---- INFORMATION SUPPLIED
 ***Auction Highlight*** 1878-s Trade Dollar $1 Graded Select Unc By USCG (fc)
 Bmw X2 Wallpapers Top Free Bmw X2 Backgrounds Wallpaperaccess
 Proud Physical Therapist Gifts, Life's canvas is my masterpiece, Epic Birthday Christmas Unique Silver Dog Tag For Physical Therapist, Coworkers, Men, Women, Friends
--------
Word for word and line for line, give the material again.

### SOLUTION FOR THIS PROBLEM
 ***Auction Highlight*** 1878-s Trade Dollar $1 Graded Select Unc By USCG (fc)
 Bmw X2 Wallpapers Top Free Bmw X2 Backgrounds Wallpaperaccess
 Proud Physical Therapist Gifts, Life's canvas is my masterpiece, Epic Birthday Christmas Unique Silver Dog Tag For Physical Therapist, Coworkers, Men, Women, Friends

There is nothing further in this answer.